Meteors: Friend or Foe?

Recent news coverage has revealed the potential cause of Bronxville’s big bang: the sonic boom of a meteor careening through the earth’s atmosphere. The term sonic boom, usually associated with supersonic jets, refers to the loud explosion noise emitted when an object exceeds the speed of sound. This puts the meteor’s minimum velocity at 761 mph, though a meteor traveling under those conditions would likely have exceeded 1,000 mph, reported LoHud.com.
When presented with this startling news, area student Jack Manley was quick to react. “It really irks me to see that these politicos down in Washington are so eager to give our hard earned cash to Wall Street, meanwhile we honest hard-working people are being barraged with meteors, and no one’s giving us any help.”
President Obama could not be reached for comment on the asteroid situation.
Concern and outrage were the most common responses to the news, as many were reminded of the role of meteors in the extinction of dinosaurs, an event that has long tarnished the meteor’s name.
SFL President Justice Kibbe took the Asteroid to task, pledging “the creation of a 24-hour meteor observatory on the hilltop” to prevent future attacks in a statement released earlier this afternoon. President Kibbe went on to explain, “there’s totally enough space up there… I’m bringing it up in the next SFL meeting.”

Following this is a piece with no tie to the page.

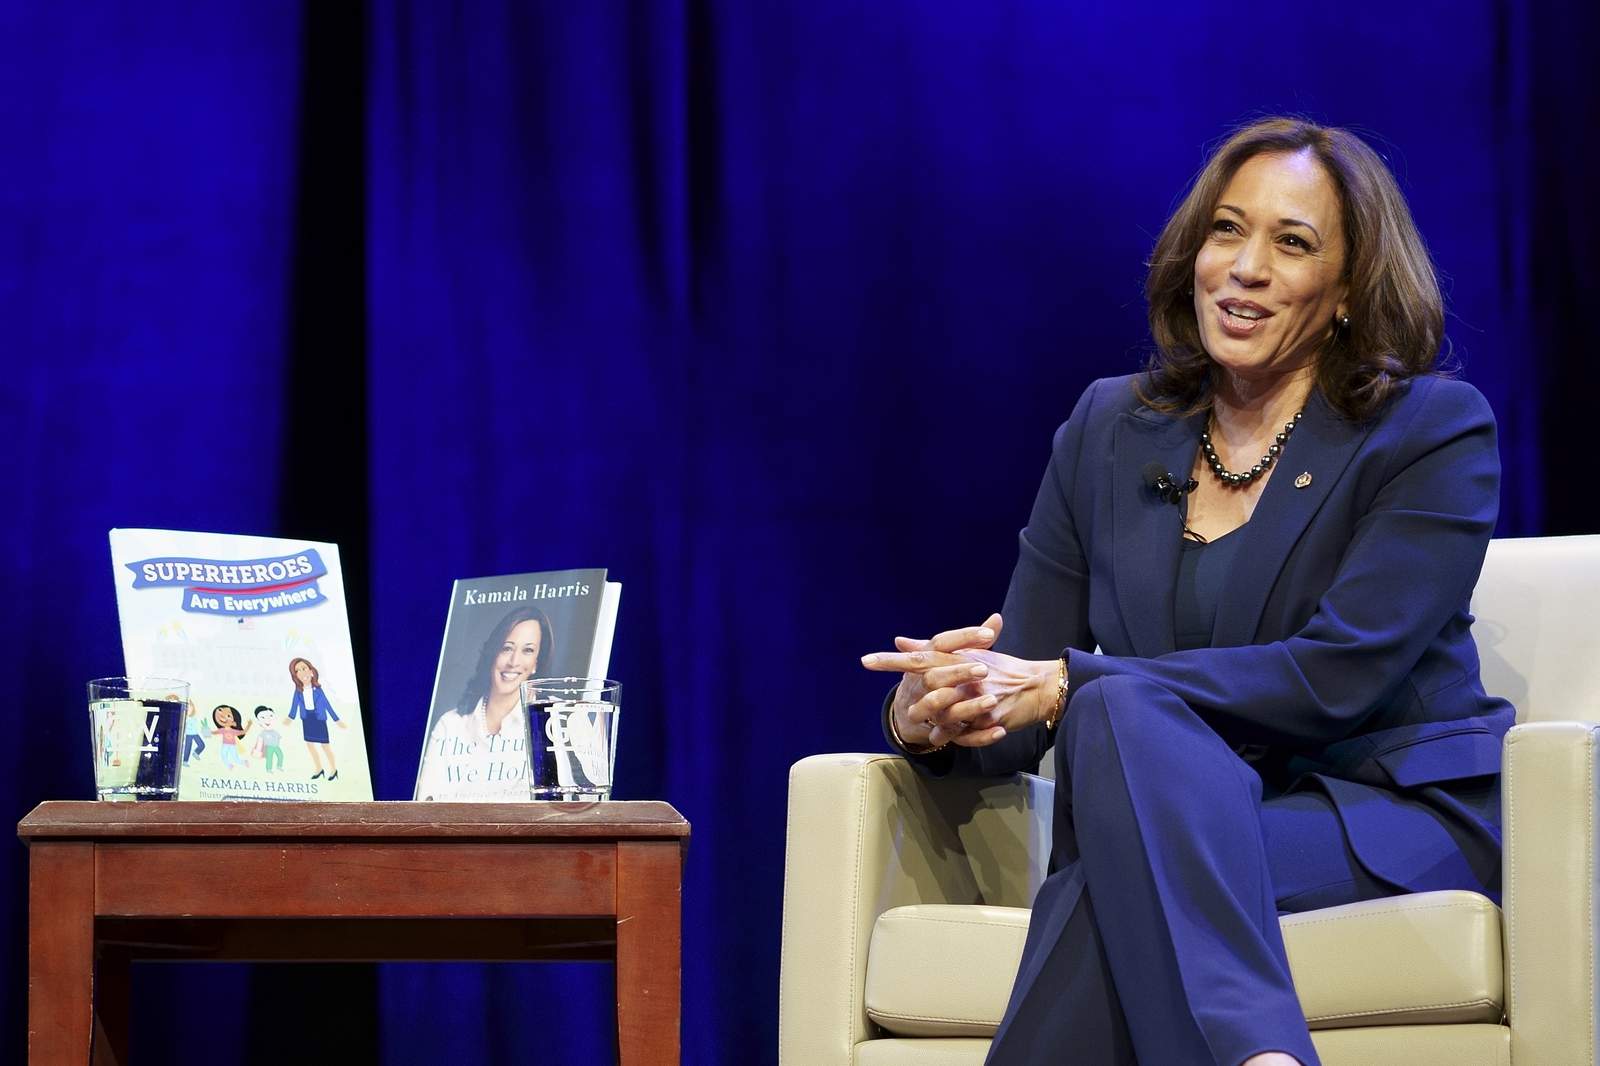 Kamala Harris books surge in popularity after election

Meteor enthusiast Kayalyn Kibbe voiced conflicting opinions on the subject: “On the one hand, we are living in a technological age and we should have the technology to detect these meteors so that I can go outside and watch them.” Ms. Kibbe was simultaneously suspicious of the meteors, articulating a fear that “they threaten our moral fiber and our value system.”
Whatever its true character, this meteor chose to make itself heard only in Bronxville, for reasons that we may never know.